* _INPUT RECORDS_:
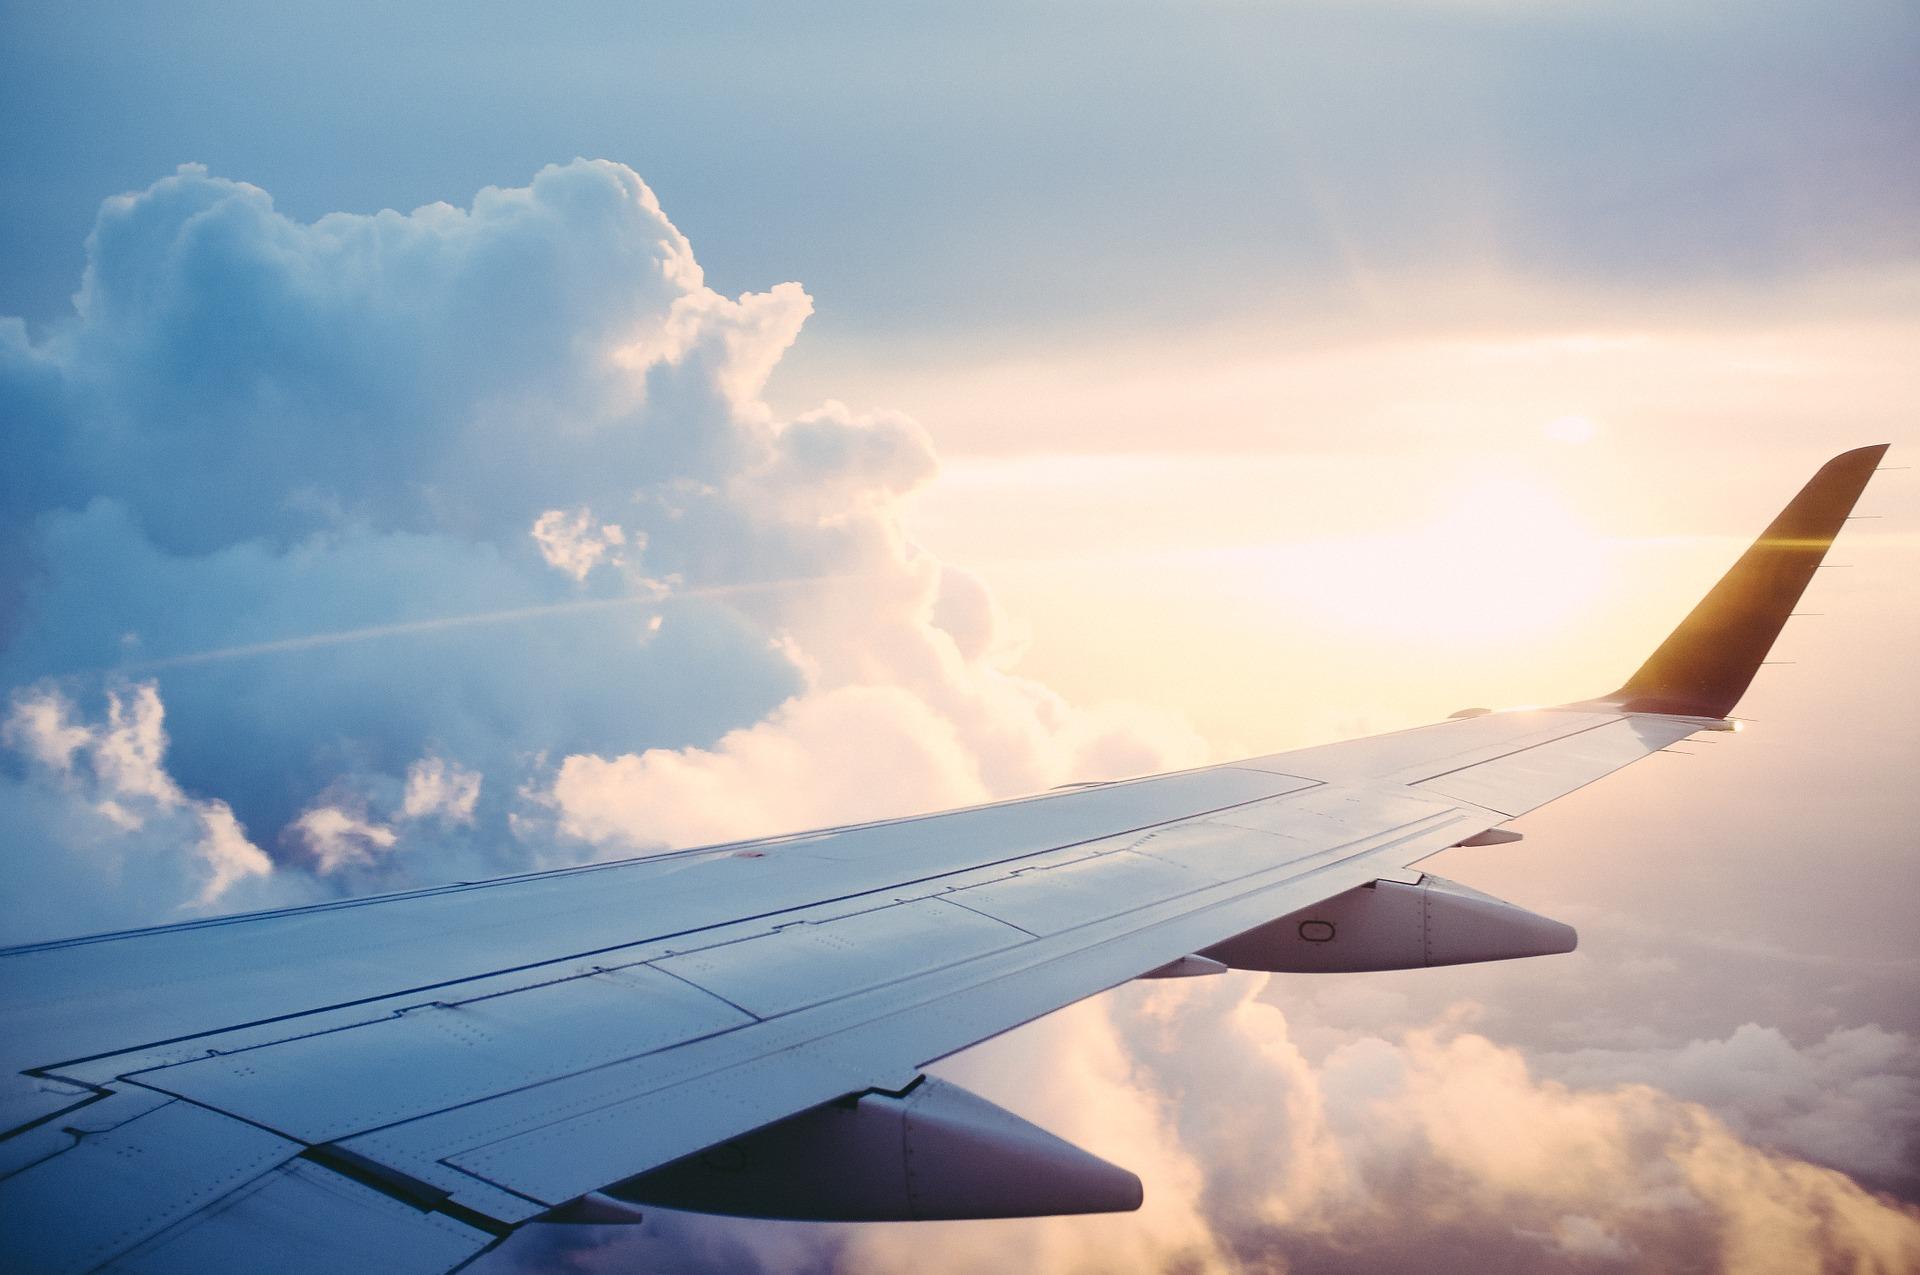 Czy w te wakacje polecimy gdzieś samolotem? Balice się przygotowują
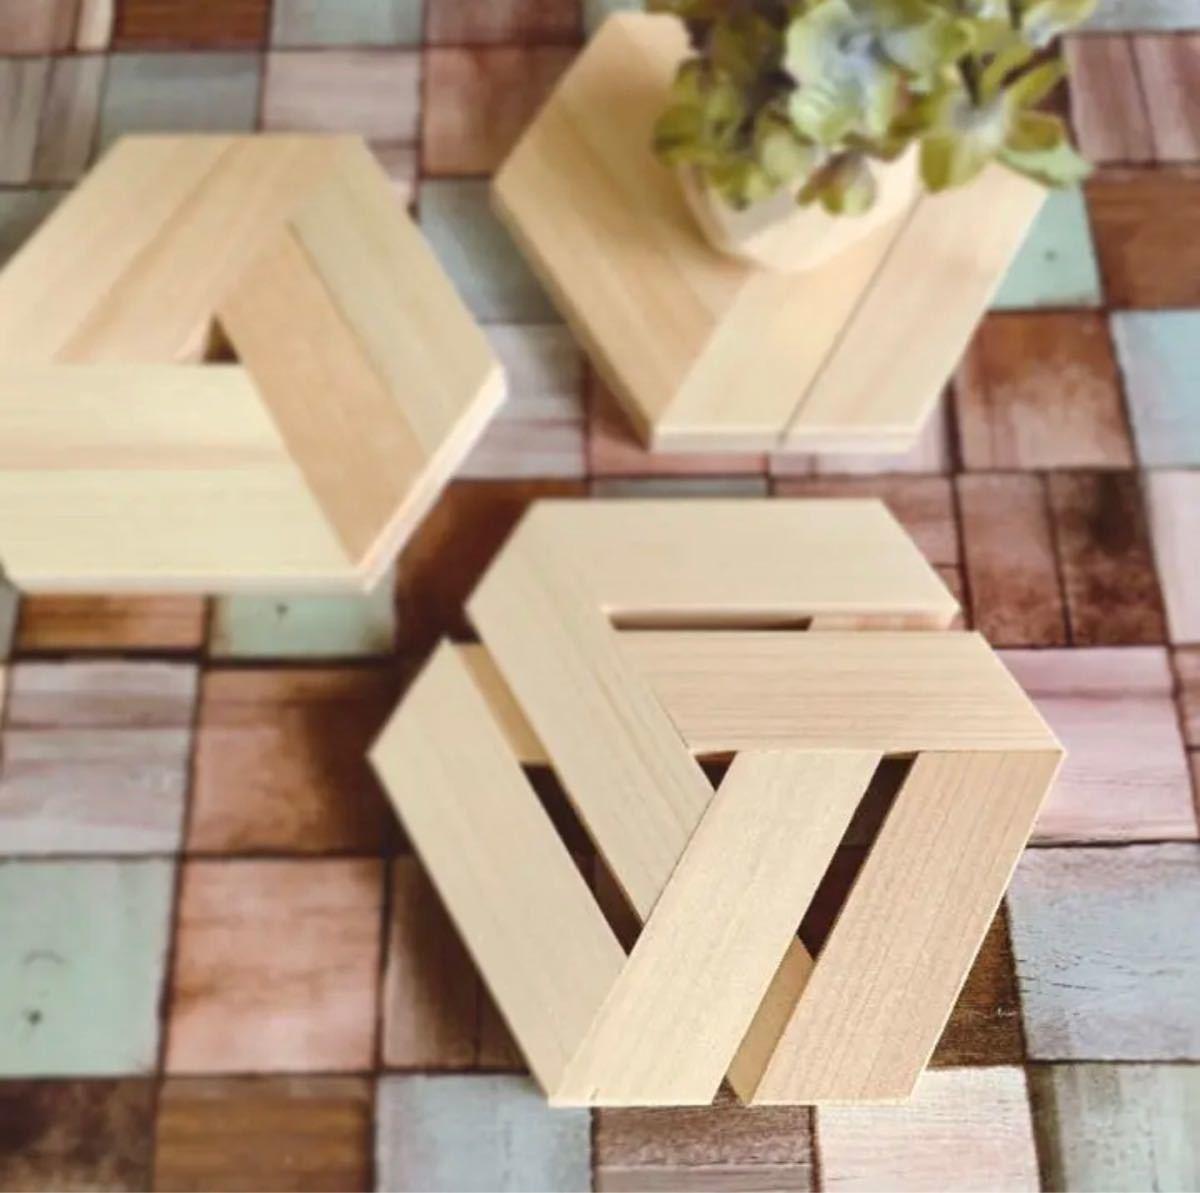 花台、鍋敷き を作ろう! ボンドだけで簡単に作れる。三つを組み合わせてスライド
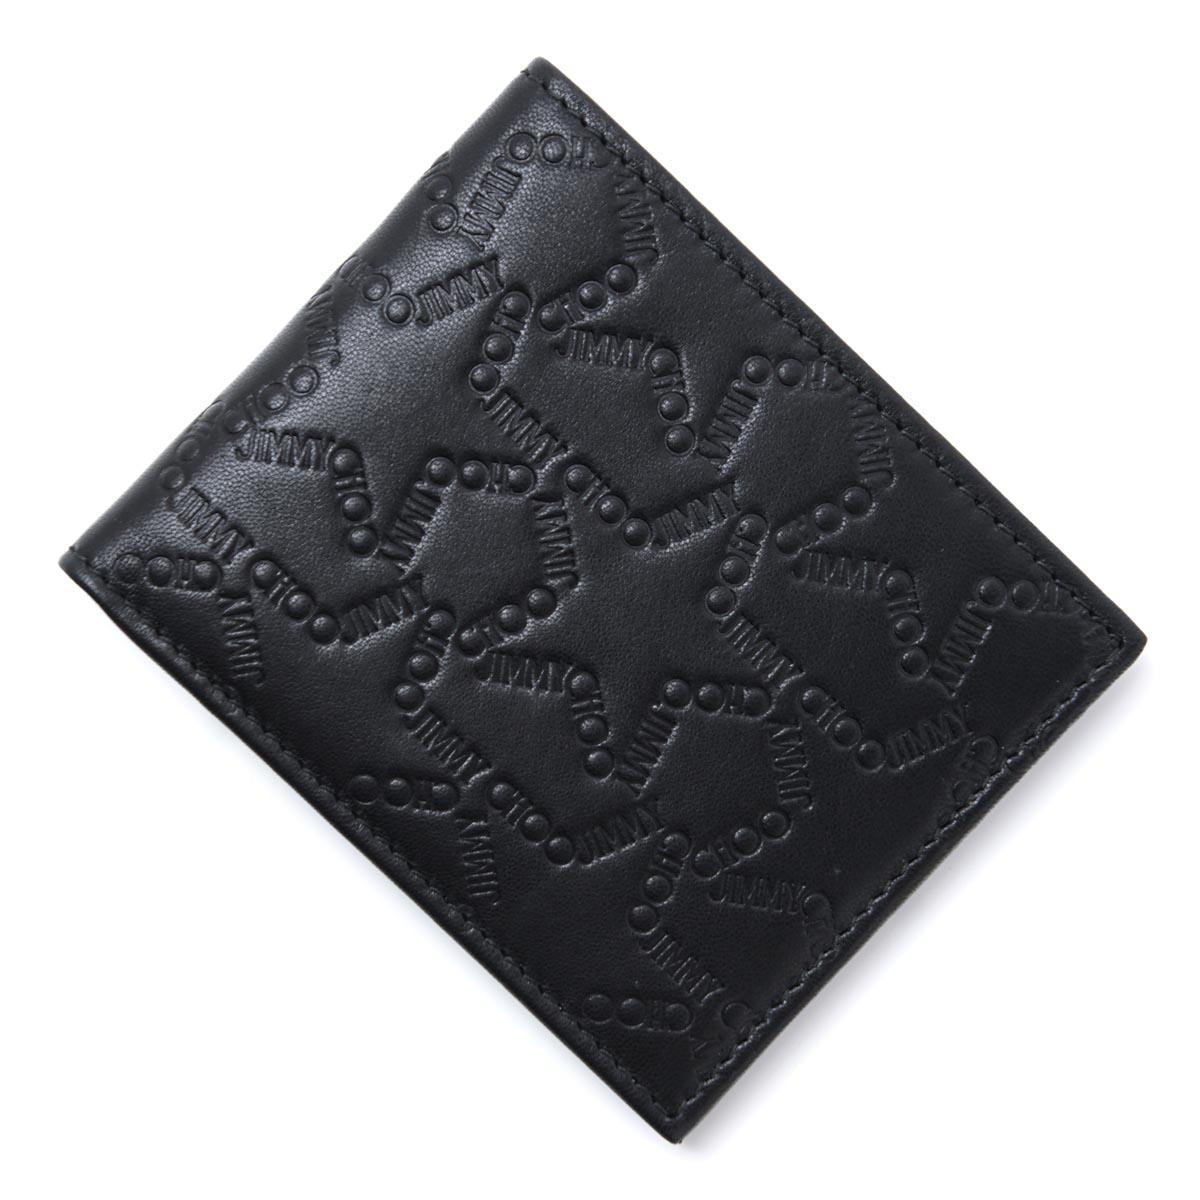 ジミーチュウ JIMMY CHOO 2つ折り 財布 ブラック メンズ ウォレット ギフト プレゼント mark ejl black MARK マーク【ラッピング無料】【返品送料無料】 htjc【181224】【あす楽対応_関東】
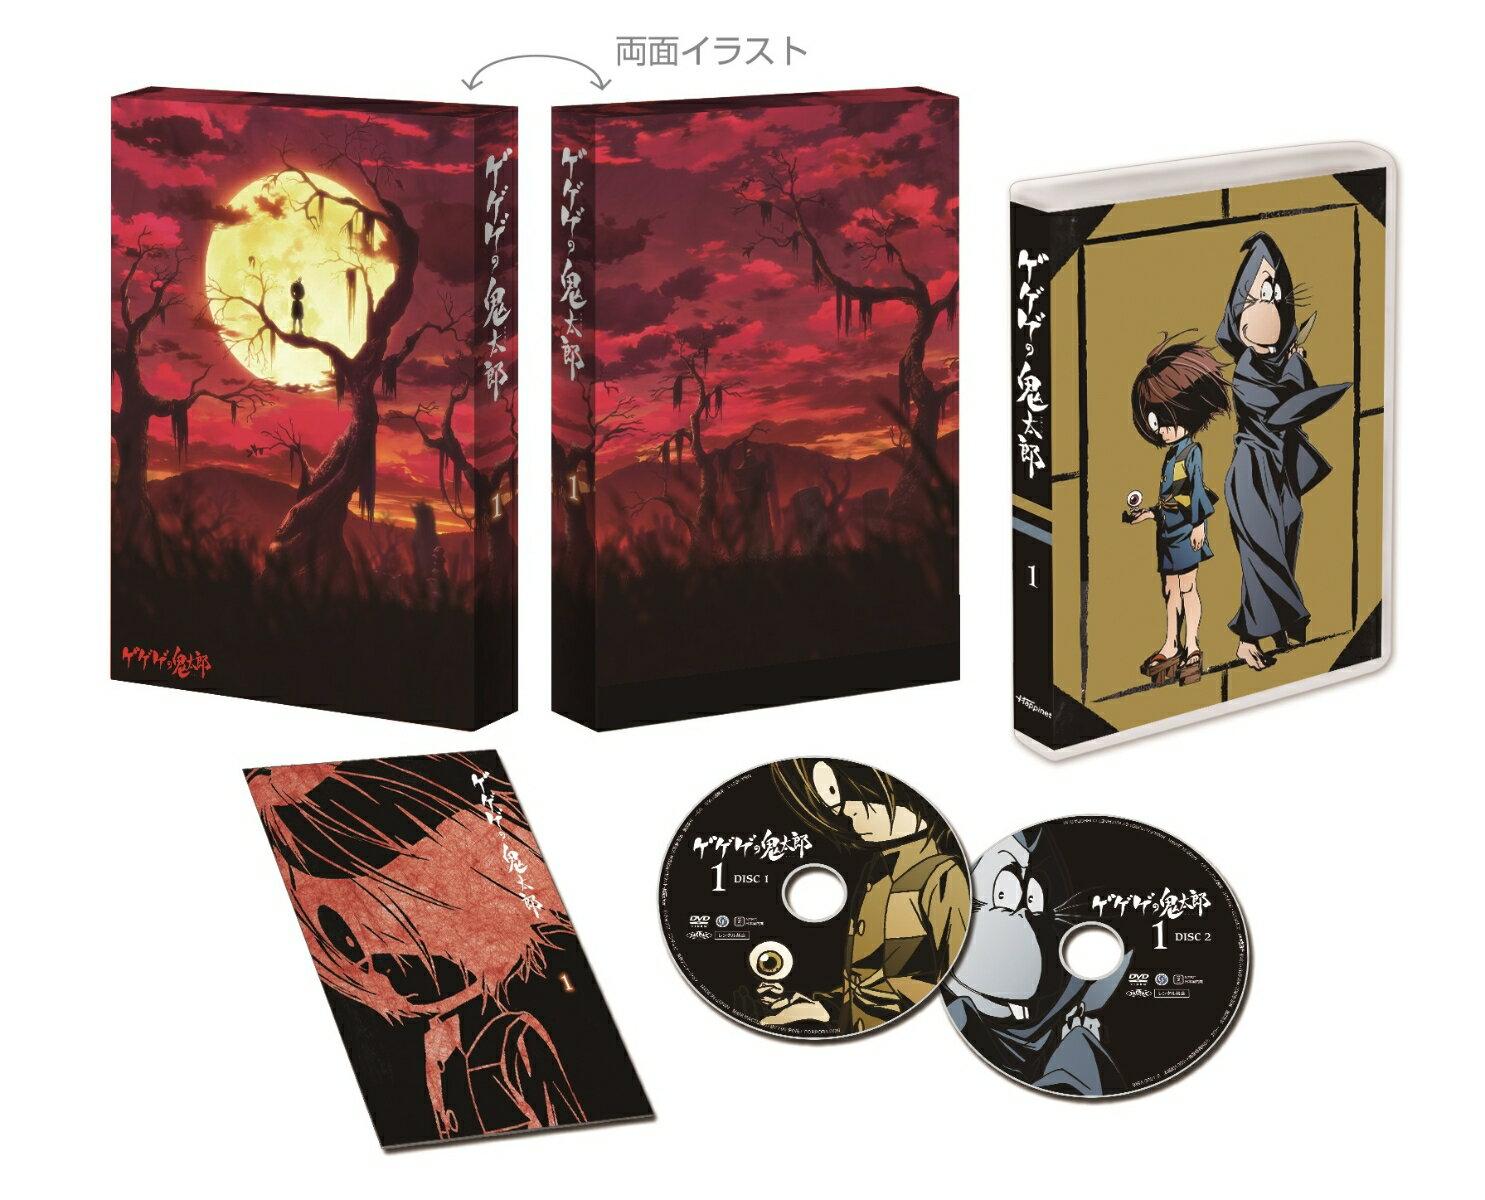 ゲゲゲの鬼太郎(第6作) DVD BOX1 [ 水木しげる ]
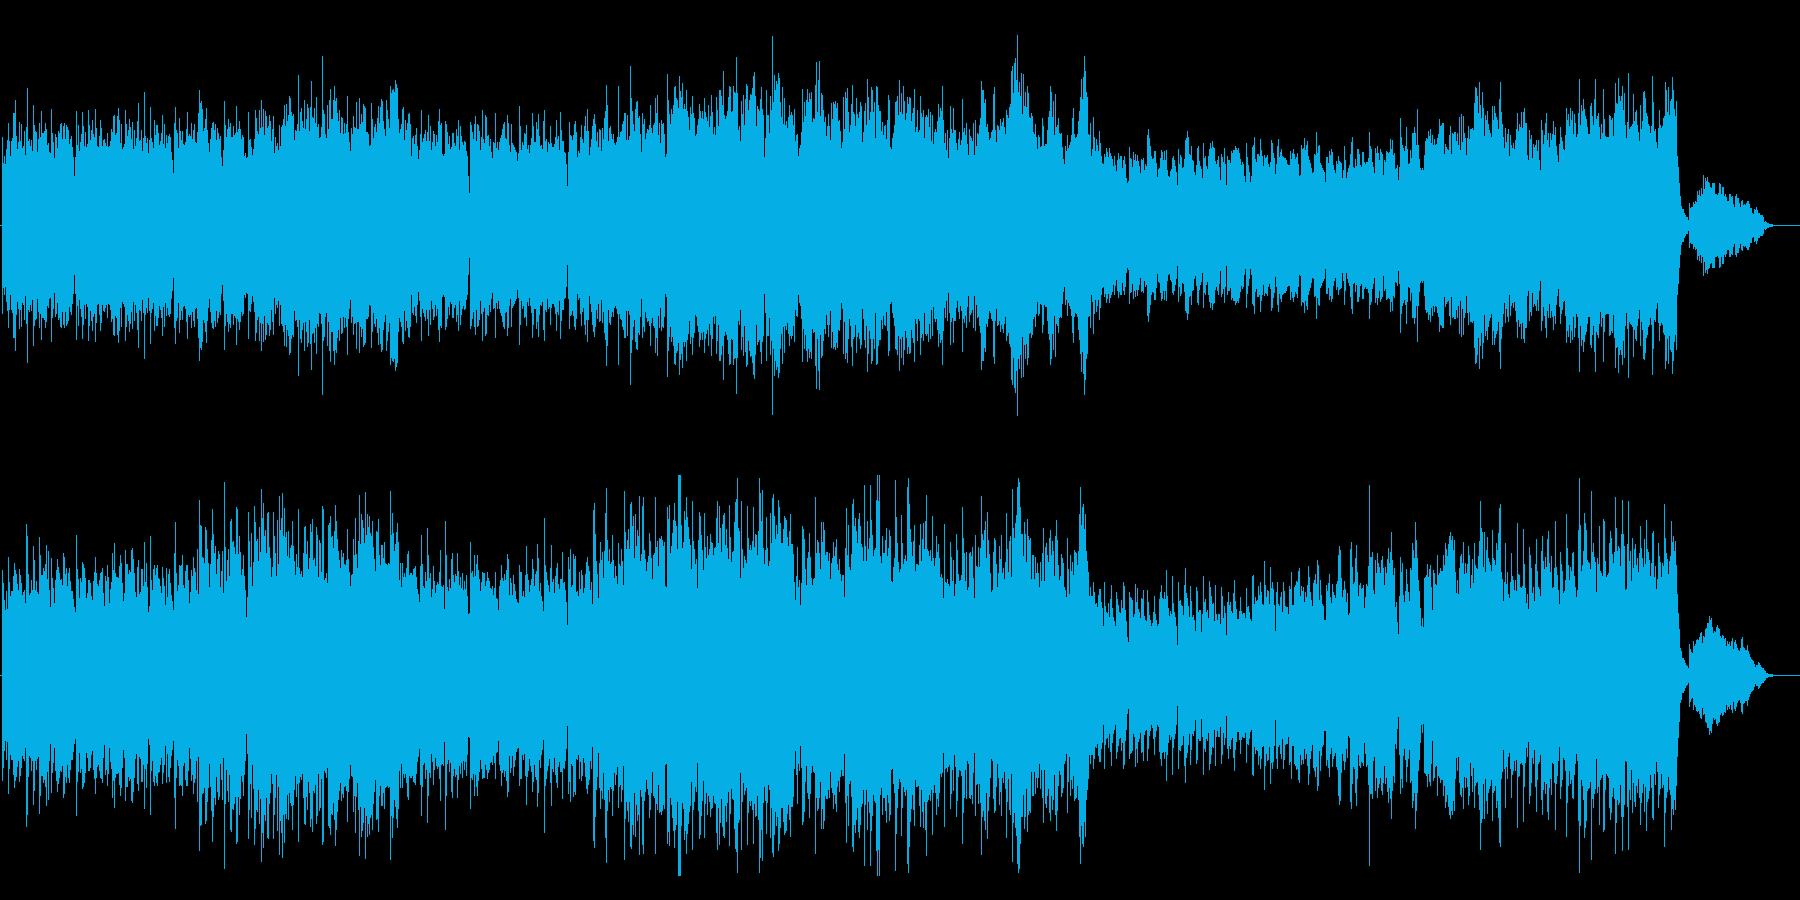 爽やかでドラマチックなケルト風楽曲の再生済みの波形

* _EXERCISE DESCRIPTION_: If a line comes after the line with "ジミーチュウ JIMMY CHOO", it stays out; print exactly every line from the start of the entries up to and including that line, but no pictures.

* _REPLY TO THE EXERCISE_:
 Czy w te wakacje polecimy gdzieś samolotem? Balice się przygotowują
 花台、鍋敷き を作ろう! ボンドだけで簡単に作れる。三つを組み合わせてスライド
 ジミーチュウ JIMMY CHOO 2つ折り 財布 ブラック メンズ ウォレット ギフト プレゼント mark ejl black MARK マーク【ラッピング無料】【返品送料無料】 htjc【181224】【あす楽対応_関東】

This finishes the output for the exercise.